Transferring Knowledge for Reinforcement Learning in Contact-Rich Manipulation
Quantao Yang, Johannes A. Stork, and Todor Stoyanov

TL;DR
This paper introduces a method for transferring knowledge in reinforcement learning for contact-rich manipulation tasks by leveraging multiple skill priors, improving generalization to new similar tasks.
Contribution
It proposes a novel approach to learn and compose skill priors from demonstrated trajectories to enhance transferability in reinforcement learning for manufacturing tasks.
Findings
Better generalization to unseen tasks in peg-in-hole insertion experiments
Effective composition of skill priors improves learning efficiency
Demonstrated success in contact-rich manipulation scenarios
Abstract
In manufacturing, assembly tasks have been a challenge for learning algorithms due to variant dynamics of different environments.
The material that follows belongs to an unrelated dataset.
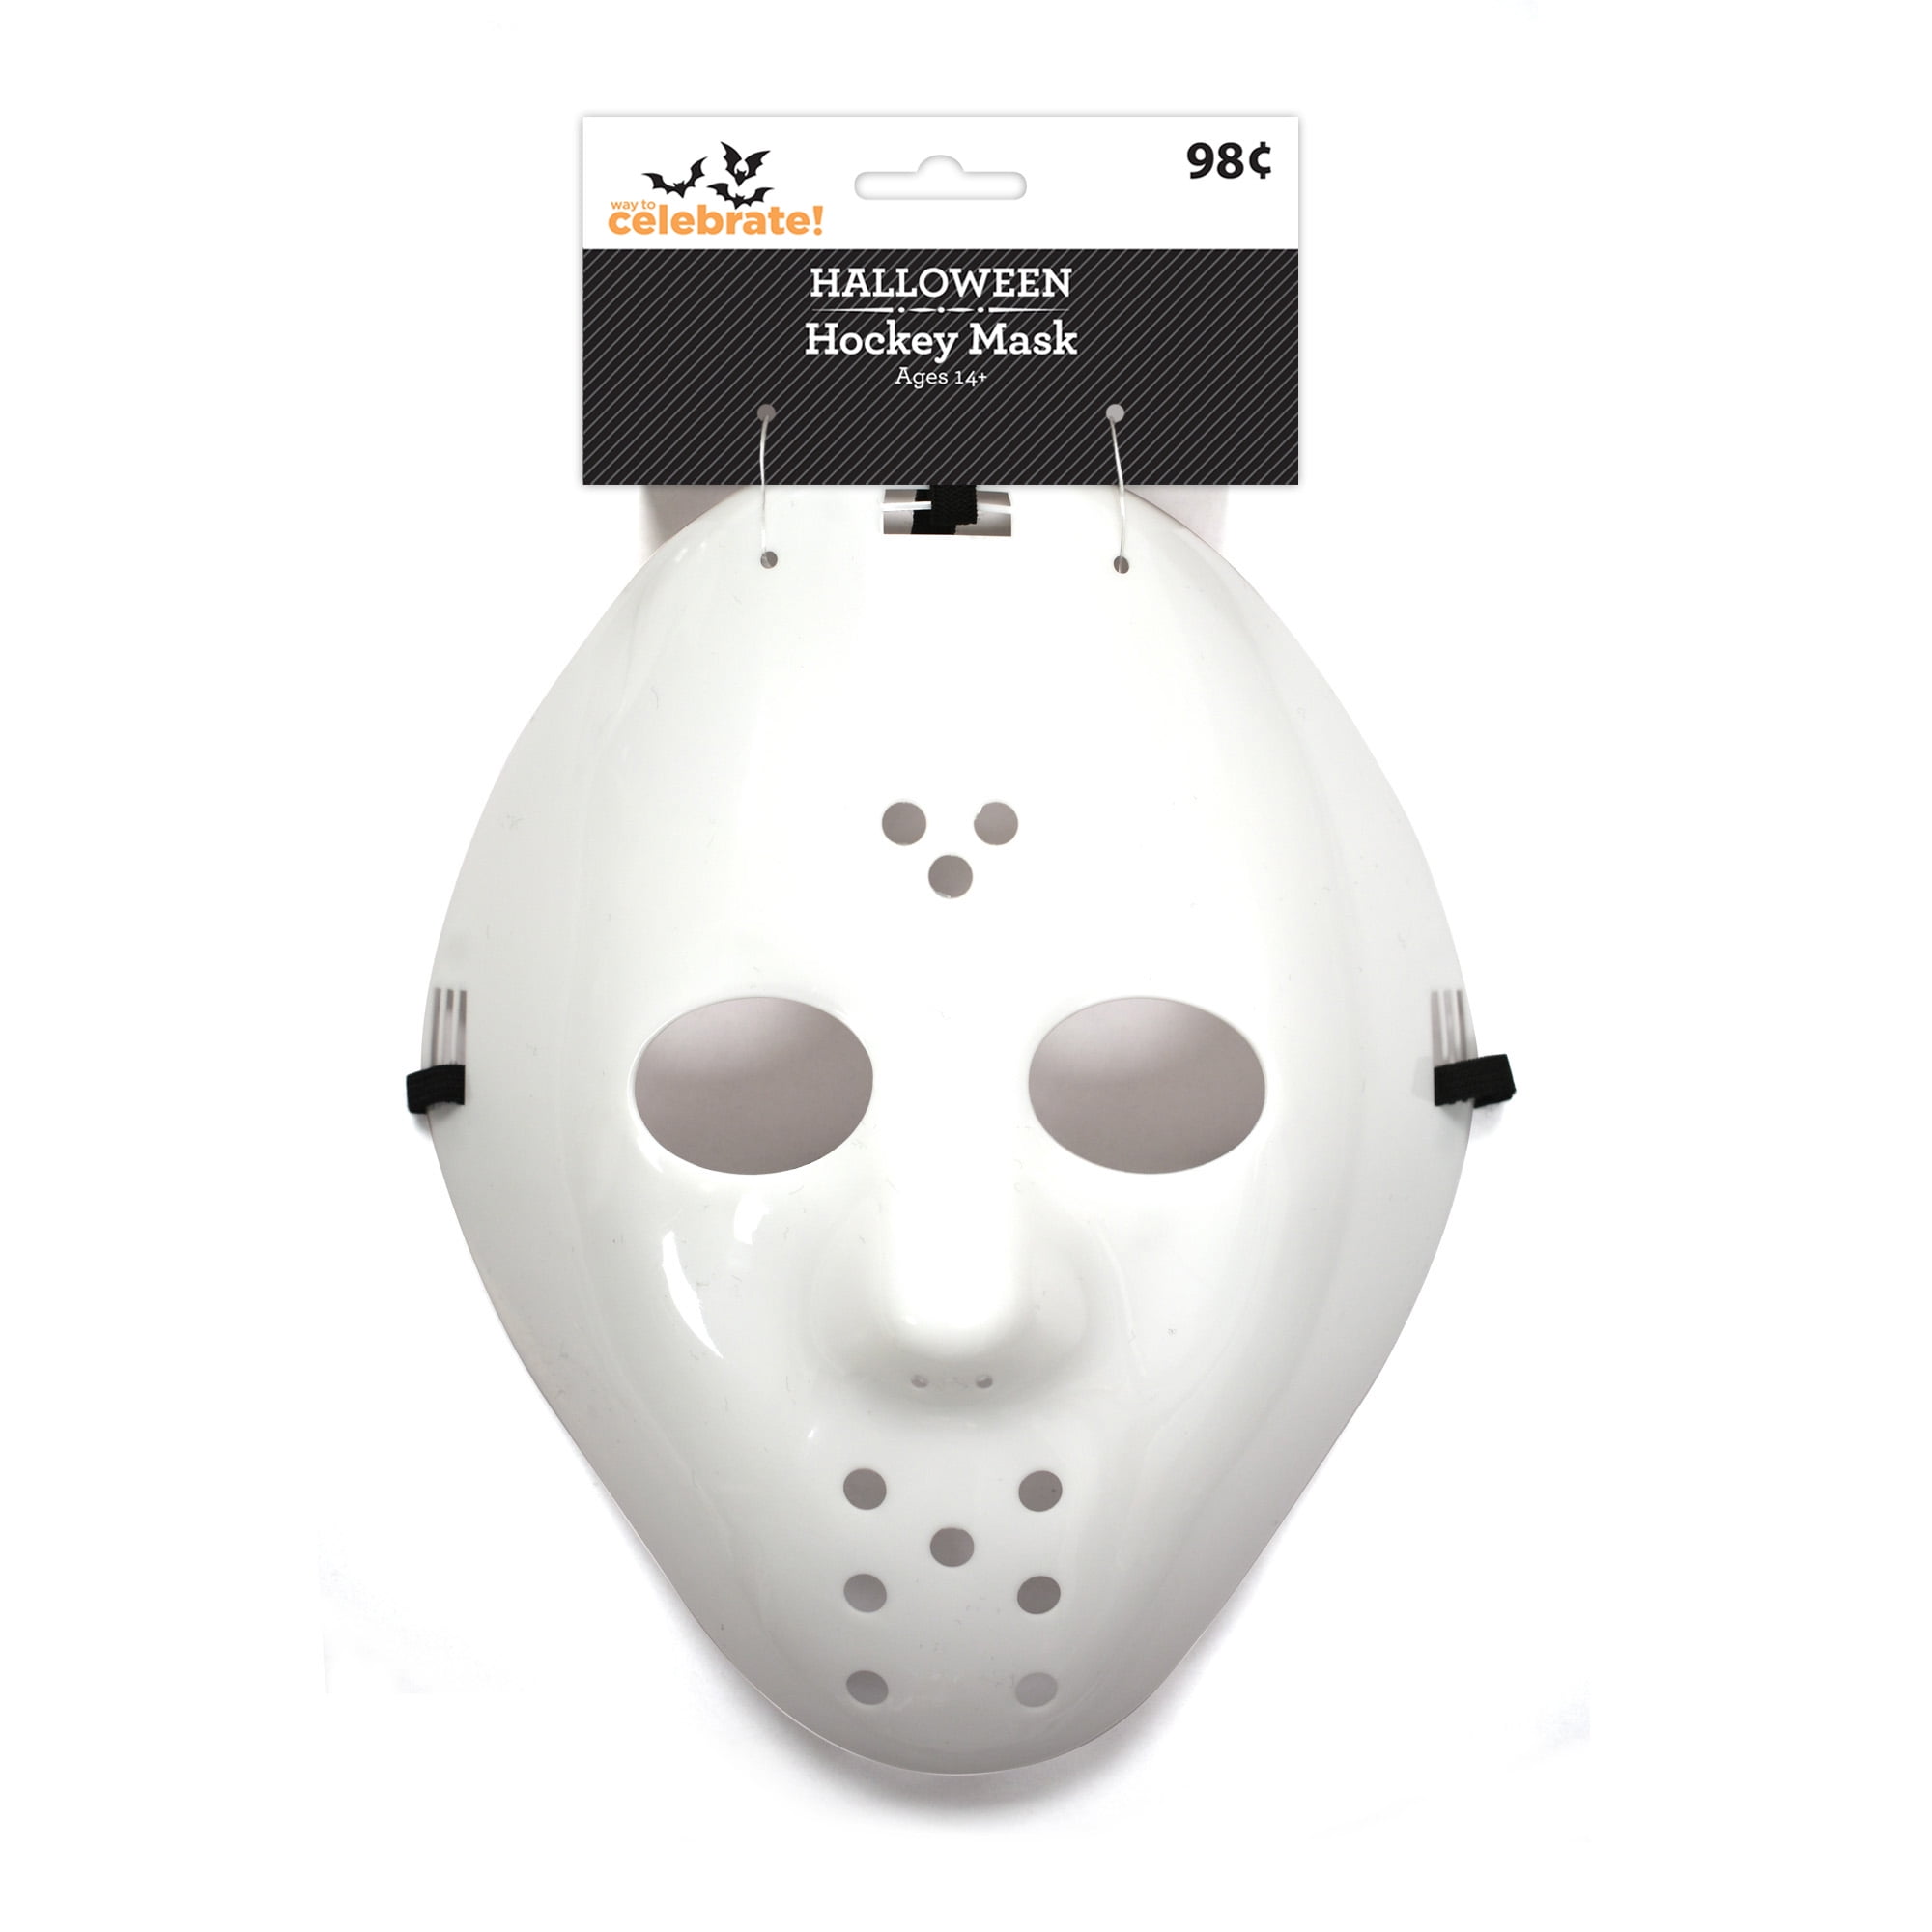 Way To Celebrate Halloween Unisex Adult White Hockey Mask

Reinforcement learning (RL) is a promising framework to automatically learn these tasks, yet it is still not easy to apply a learned policy or skill, that is the ability of solving a task, to a similar environment even if the deployment conditions are only slightly different. In this paper, we address the challenge of transferring knowledge within a family of similar tasks by leveraging multiple skill priors. We propose to learn prior distribution over the specific skill required to accomplish each task and compose the family of skill priors to guide learning the policy for a new task by comparing the similarity between the target task and the prior ones. Our method learns a latent action space representing the skill embedding from demonstrated trajectories…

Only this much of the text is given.